Today corn mazes each fall are nearly as much a tradition as trick-or-treating or haunted mansions. But few people had heard of one 15 years ago when Brett W. Herbst (BS ’95) of Spanish Fork, Utah, spotted one in an agriculture magazine and decided it was an idea worth pursuing.
“My dad, an old rancher from Idaho, literally said, ‘You have rocks in your head!’” Herbst says. “People weren’t quite sure what to think. But I was really excited about it.”
Confident the local populace, heavy on college students, would take to a corn maze, the agribusiness major and business minor rented an old chicken farm in American Fork, Utah, planted a field of corn and, when it was ripe, started cutting paths through the field to create a maze of, well, maize, with human-sized pathways—the first such puzzle west of the Mississippi.
When the maze opened for business, the response from the community was resounding. “We had 18,000 people come in three weeks,” says Herbst. “We ended up having to close it down because there was so much wear and tear on it.”
Soon he started getting calls from people all over the country wanting to tap into his corn-maze-building expertise, and he founded The Maize, an “agritainment” consulting company.

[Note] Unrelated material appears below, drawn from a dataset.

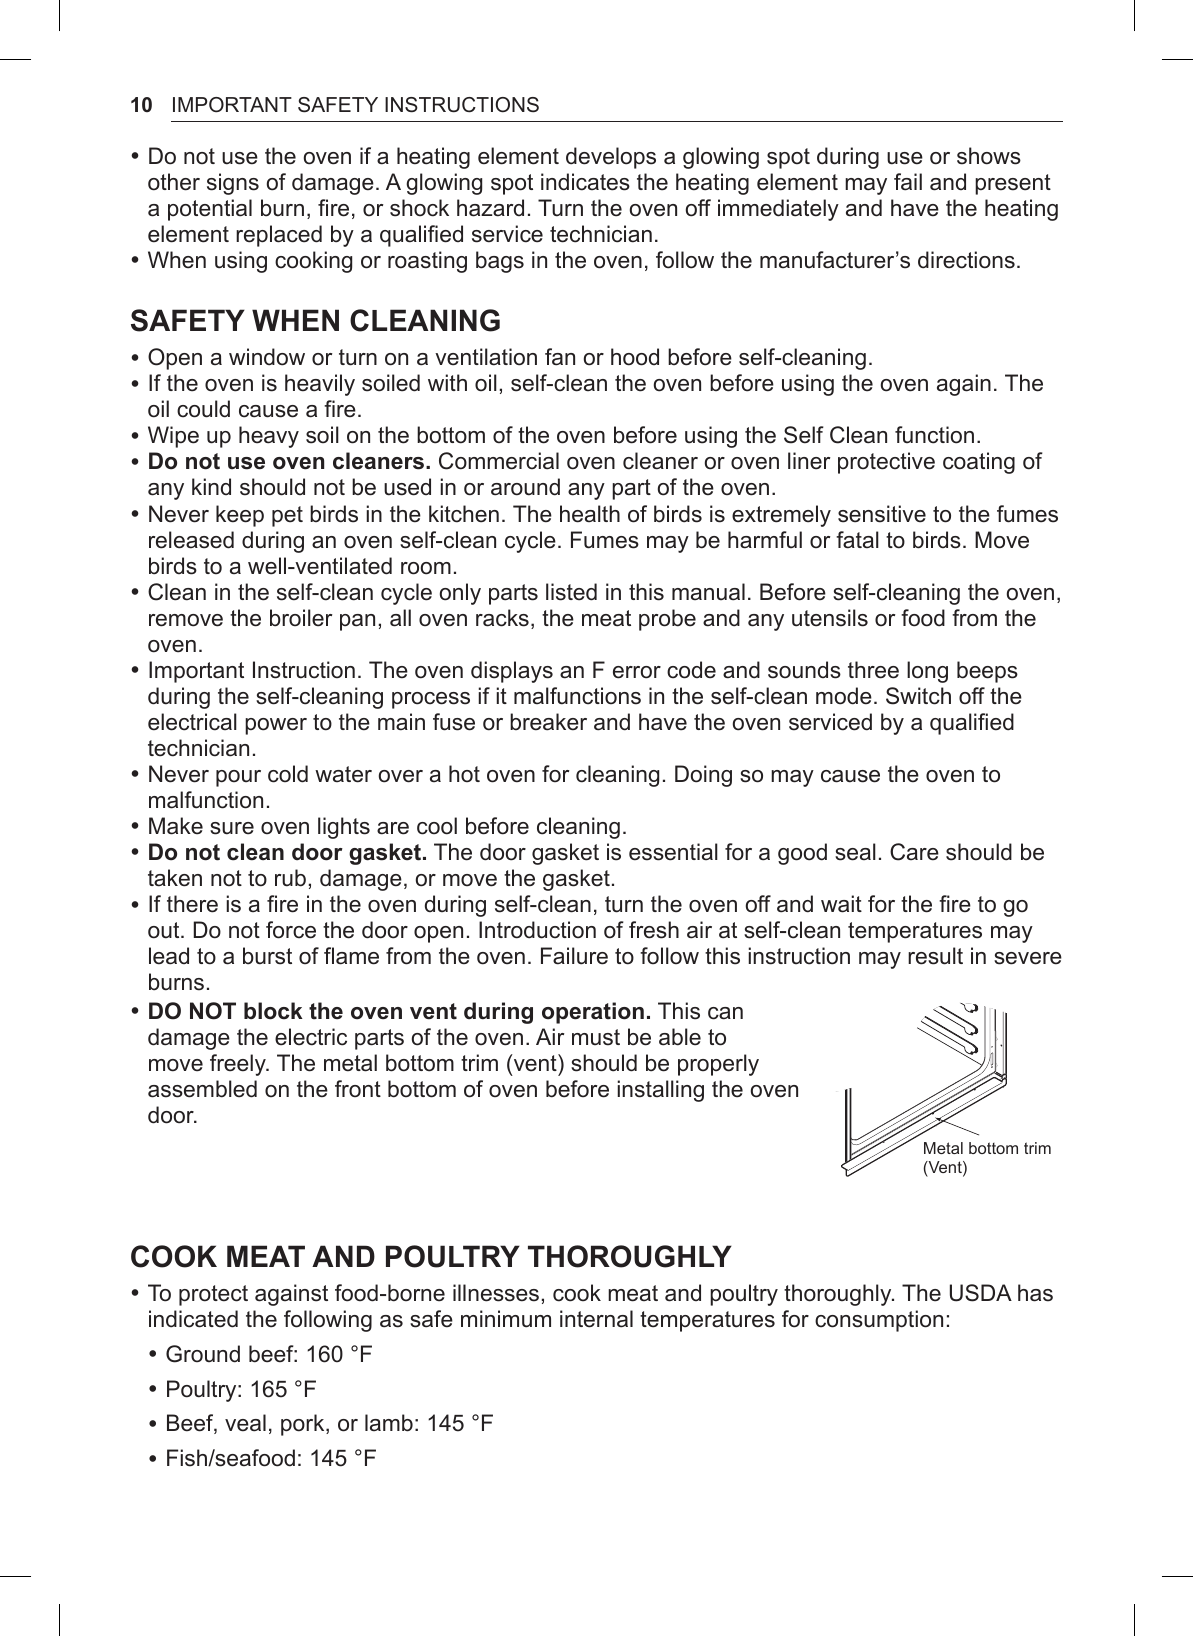 10 IMPORTANT SAFETY INSTRUCTIONS •Do not use the oven if a heating element develops a glowing spot during use or shows other signs of damage. A glowing spot indicates the heating element may fail and present a potential burn, fire, or shock hazard. Turn the oven off immediately and have the heating element replaced by a qualified service technician. •When using cooking or roasting bags in the oven, follow the manufacturer’s directions.SAFETY WHEN CLEANING •Open a window or turn on a ventilation fan or hood before self-cleaning. •If the oven is heavily soiled with oil, self-clean the oven before using the oven again. The oil could cause a fire. •Wipe up heavy soil on the bottom of the oven before using the Self Clean function. •Do not use oven cleaners. Commercial oven cleaner or oven liner protective coating of any kind should not be used in or around any part of the oven. •Never keep pet birds in the kitchen. The health of birds is extremely sensitive to the fumes released during an oven self-clean cycle. Fumes may be harmful or fatal to birds. Move birds to a well-ventilated room. •Clean in the self-clean cycle only parts listed in this manual. Before self-cleaning the oven, remove the broiler pan, all oven racks, the meat probe and any utensils or food from the oven. •Important Instruction. The oven displays an F error code and sounds three long beeps during the self-cleaning process if it malfunctions in the self-clean mode. Switch off the electrical power to the main fuse or breaker and have the oven serviced by a qualified technician. •Never pour cold water over a hot oven for cleaning. Doing so may cause the oven to malfunction. •Make sure oven lights are cool before cleaning. •Do not clean door gasket. The door gasket is essential for a good seal. Care should be taken not to rub, damage, or move the gasket. •If there is a fire in the oven during self-clean, turn the oven off and wait for the fire to go out. Do not force the door open. Introduction of fresh air at self-clean temperatures may lead to a burst of flame from the oven. Failure to follow this instruction may result in severe burns. •DO NOT block the oven vent during operation. This can damage the electric parts of the oven. Air must be able to move freely. The metal bottom trim (vent) should be properly assembled on the front bottom of oven before installing the oven door.Metal bottom trim (Vent)COOK MEAT AND POULTRY THOROUGHLY •To protect against food-borne illnesses, cook meat and poultry thoroughly. The USDA has indicated the following as safe minimum internal temperatures for consumption: •Ground beef: 160 °F •Poultry: 165 °F •Beef, veal, pork, or lamb: 145 °F •Fish/seafood: 145 °F

Today, Herbst and his team, using computer-aided design, a sophisticated grid system, and lawnmowers, rototillers, and weed killer, have created 2,000 corn mazes in the United States, Canada, and Europe, now more than 200 a year. He also runs his own popular Utah corn maze, Cornbelly’s Corn Maze and Pumpkin Fest at Thanksgiving Point in Lehi. Each year he cuts the maze into a new design, sometimes the image of a local celebrity, such as David Archuleta or Larry H. Miller. In 1999 he set a world record for the world’s largest corn maze, an intricate image of the solar system and the words Lost in Space.
Kimberly Sessions from Providence, Utah, has visited Herbst’s corn maze with her family each year for 10 years. “Brett’s corn maze is an agricultural theme park,” she says. “There are so many interactive games and trivia cards, and he has a museum kids can go through and learn some things. Our kids have never lived on a farm, so it gives them a chance to be out in the crops and with the animals.”
Herbst says helping families learn about agriculture in a fun way is the best part of what he does. “Corn mazes have filled an entertainment gap that we didn’t even know existed,” he says. “People young and old have thanked me time and time again for providing a source of recreation that is clean, educational, and fun for all ages. It just seems to appeal to everyone.”